L’analisi di questi dialoghi, come quello di Adamo e Eva nel giardino, esigerebbe un tempo abbastanza importante; però sappiate che tutti voi e tutti noi (anche io) costantemente veniamo visitati da pensieri che non sono solamente i miei, ma lo diventano. C’è un film che si intitola “Inception” in cui si racconta come vengono insufflate e trasmesse delle convinzioni che vengono assimilate dalle persone, attraverso dei procedimenti psicologici particolari: quei pensieri non appartenevano a loro, ma ad un altro tipo di intelligenza.

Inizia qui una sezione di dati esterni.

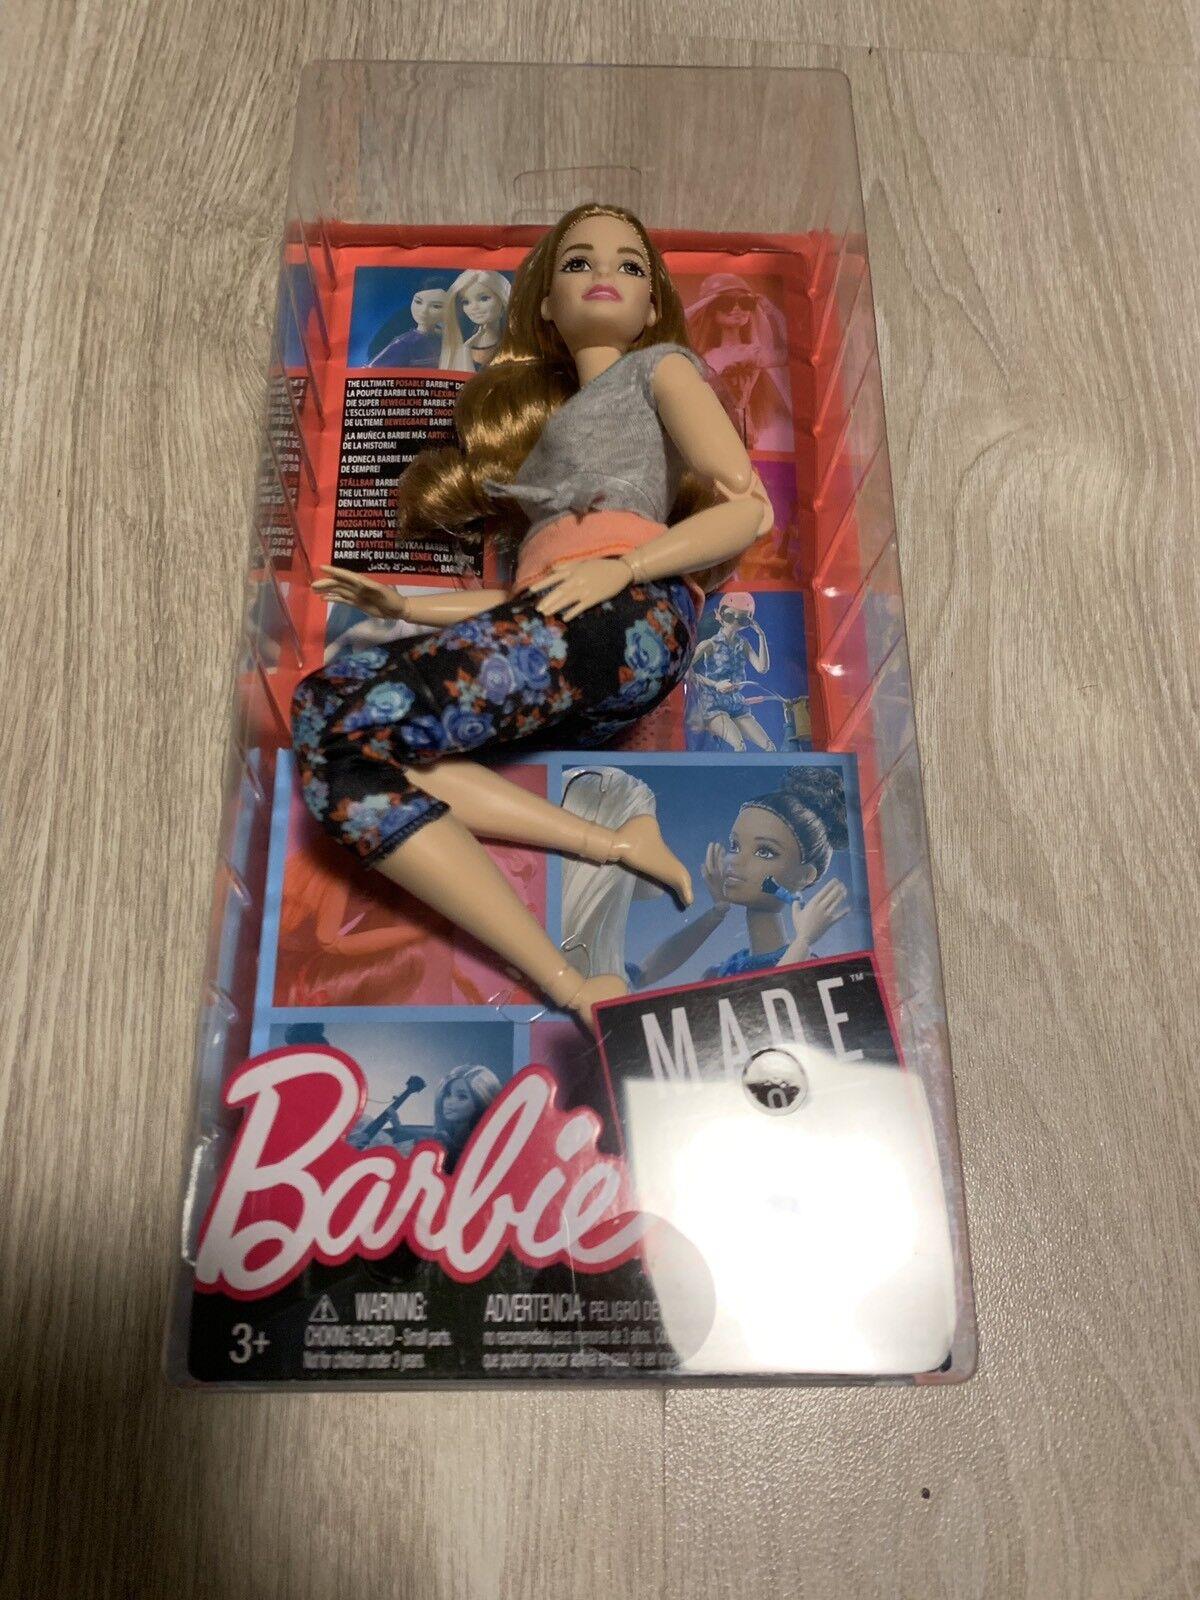 2018 Barbie Made To Move

Le difficoltà che viviamo, ci assediano; c’è qualcuno che ci dice: vogliamo dire “basta”? Non sarà sufficiente la sofferenza, la privazione di affetto, di comprensione (il pane rappresenta questo: è qualcosa che ti da un po’ di calore umano)? Non sarà che adesso ne hai abbastanza? Se tu dici “amen” a questo pensiero, tutto diventa brutto; tua moglie diventa peggiore di più di quella che prima pensavi che fosse; la tua vita, con il traffico che si mobilita contro di te, ti spinge a pensare che forse è bene che tu traslochi in Australia.

Questi pensieri ti dicono che sei andato oltre, che non se ne può più; allora tu ti senti ingiustamente trattato e farai giustizia , perché ti esplode una rabbia terribile. Il Vangelo dice che questo procedimento viene dal demonio e noi stiamo completamente senza antivirus; ci arriva di tutto, perché questi discorsi li facciamo raramente. Certamente ci sono alcuni di voi che fanno un cammino di fede importante, in cui questo tipo di discorso è in atto; però per la maggioranza delle persone succede che siccome non credono a Dio e non credono al demonio, il demonio non c’è; non è che siccome io non mi interesso del demonio, il demonio non si interessa di me, anzi. Quindi lui agisce in me, senza di me, senza che io capisca che in realtà lui stia dialogando con me: io non mi rendo conto che sto dialogando con lui, per cui ci vuole questo discorso che si chiama appunto il discernimento degli spiriti.